This book starts with Eden and Kade already three years into their relationship, which I actually liked. We’re told how they met and how things evolved, but the story focuses on what happens after the cracks are already there.
Eden believes the club has cleaned up its act since Kade took over as president. Charity runs, community image, less trouble. What she doesn’t know is that there’s still illegal stuff going on behind the scenes, and Kade is actively hiding it from her. She senses something is wrong almost immediately, but instead of being honest, he keeps shutting her out.
The tension builds slowly and then things take a really dark turn. There is a very descriptive assault scene involving Eden being drugged and attacked at the club bar, so this book definitely needs trigger warnings. She wakes up with no memory of the attack but knows something bad has happened, and the way she deals with it is by withdrawing. She doesn’t tell Kade. She doesn’t really know how.

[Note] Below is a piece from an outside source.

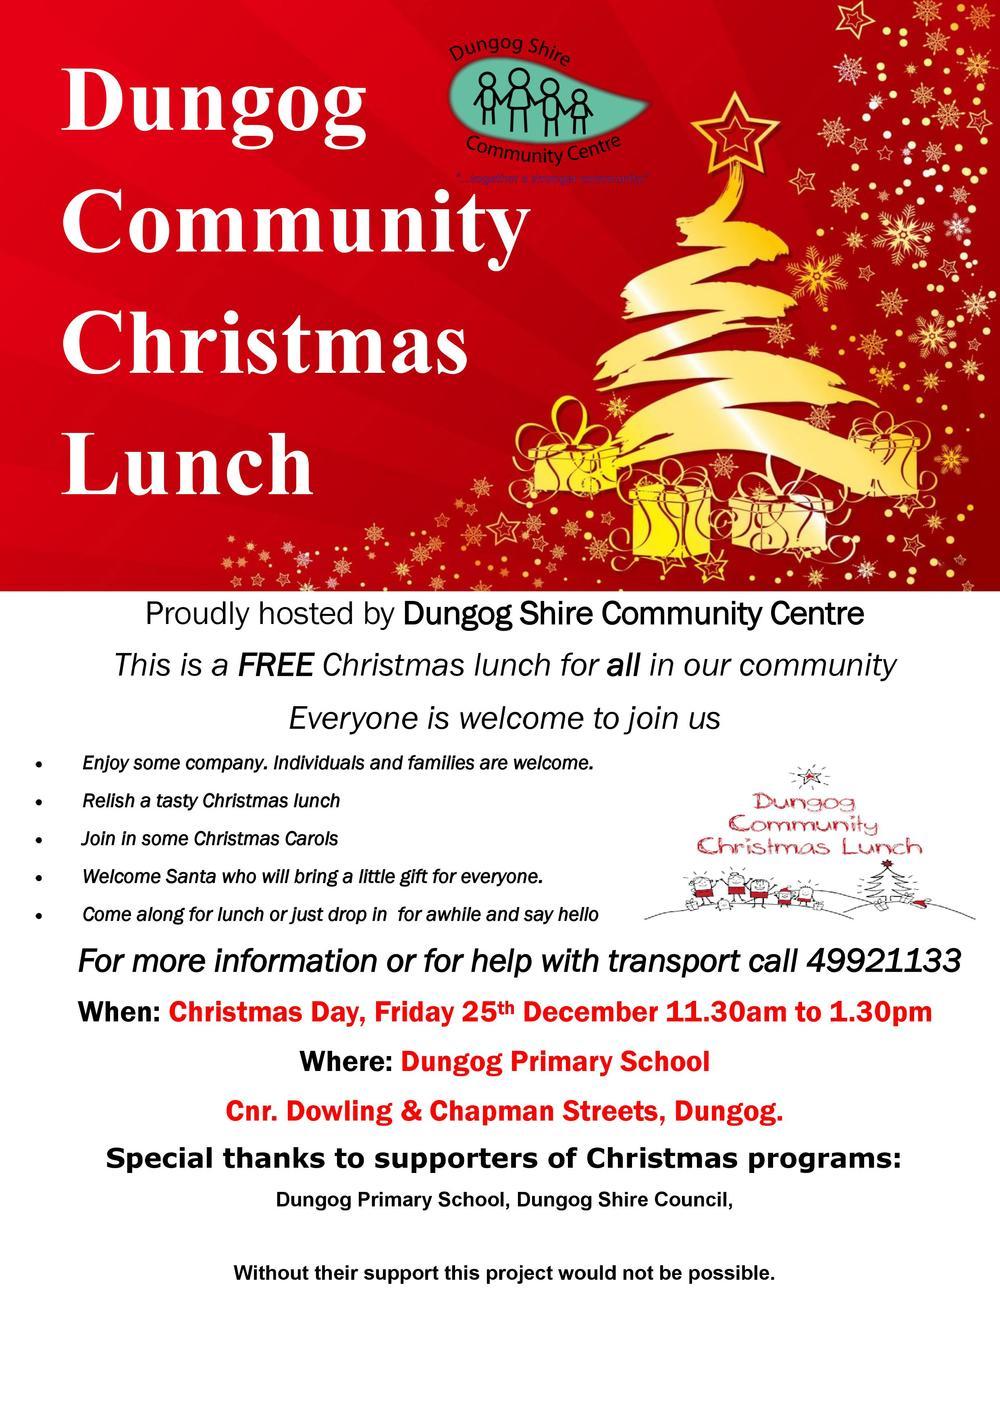 DSCC Community Christmas Lunch.jpg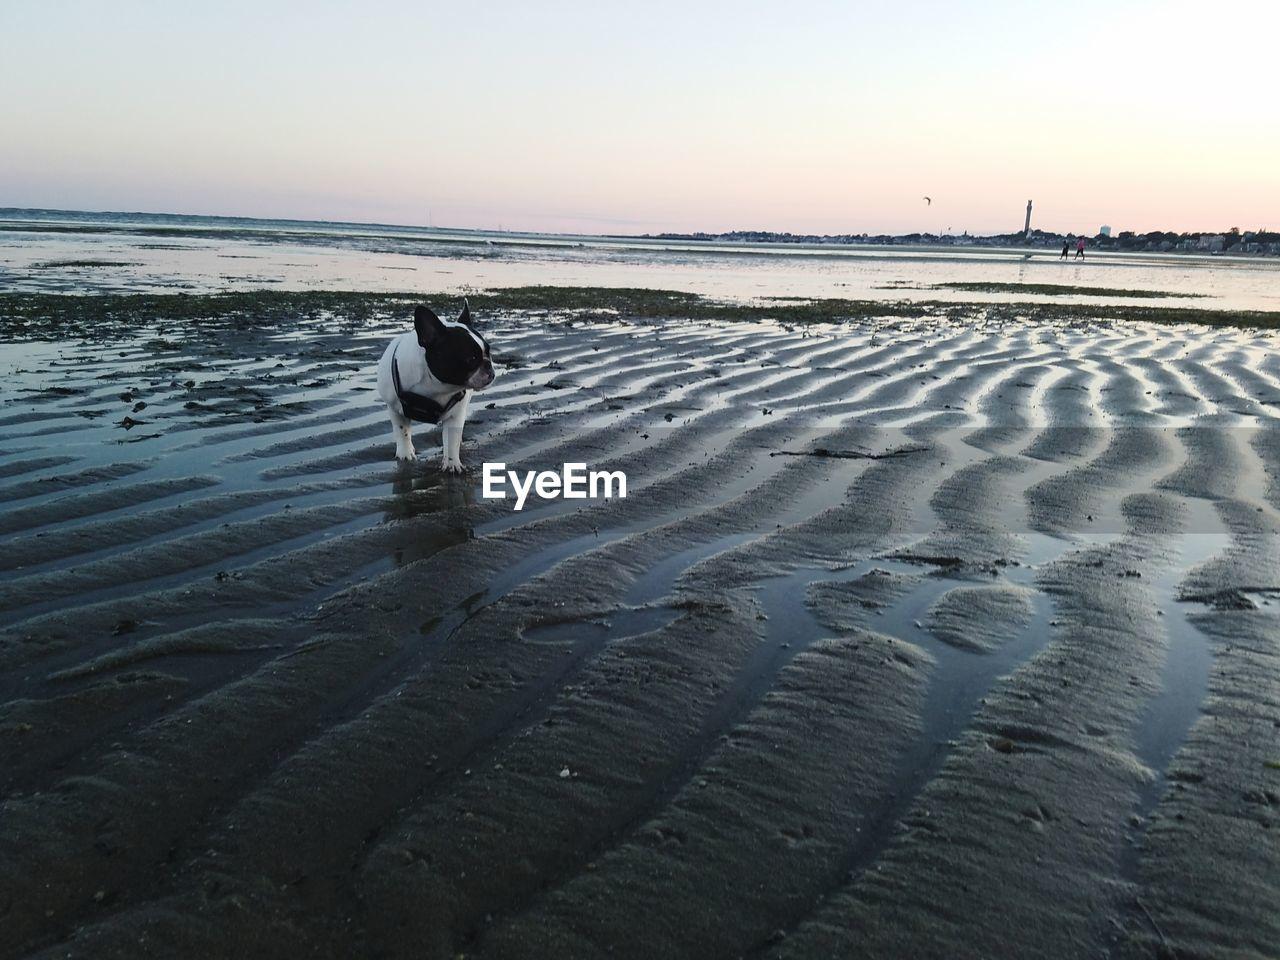 sky, land, beach, sunset, water, animal, beauty in nature, animal themes, one animal, vertebrate, nature, sand, scenics - nature, tranquility, sea, animal wildlife, bird, no people, non-urban scene

From there, everything unravels.
Instead of recognising trauma, Kade assumes the worst. Eden is distant, intimacy feels wrong, she cries — and his conclusion is that she must be cheating. Typical MMC logic. He doesn’t cheat himself, but he absolutely crosses a line by pulling a club girl into his office in front of Eden, which is honestly just cruel.
That moment is what finally forces the truth out. Eden confronts him, explains the assault, and reveals that she killed her attacker in self-defence — which ties into the ongoing mystery of who killed the guy. It should have been the moment where Kade steps up.
He doesn’t.
Instead, he spirals into guilt and completely shuts down. He pushes Eden away emotionally for months, leaving her to deal with everything alone. By the time she realises he won’t change, it’s clear she can’t stay. She leaves not because she doesn’t love him, but because she can’t survive being treated like that.
He doesn’t cheat — but he’s emotionally negligent, secretive, and handles everything in the worst way possible. This is a story about trauma, silence, and what happens when people refuse to talk to each other.
It’s heavy, frustrating, and painful to read at times — but it’s meant to be. I’m continuing to book two because this ending demands growth, accountability, and a hell of a lot of grovelling.
I didn’t mind the book or writing, I just felt like these characters didn’t connect with me. I also felt like these SA could have been handled better.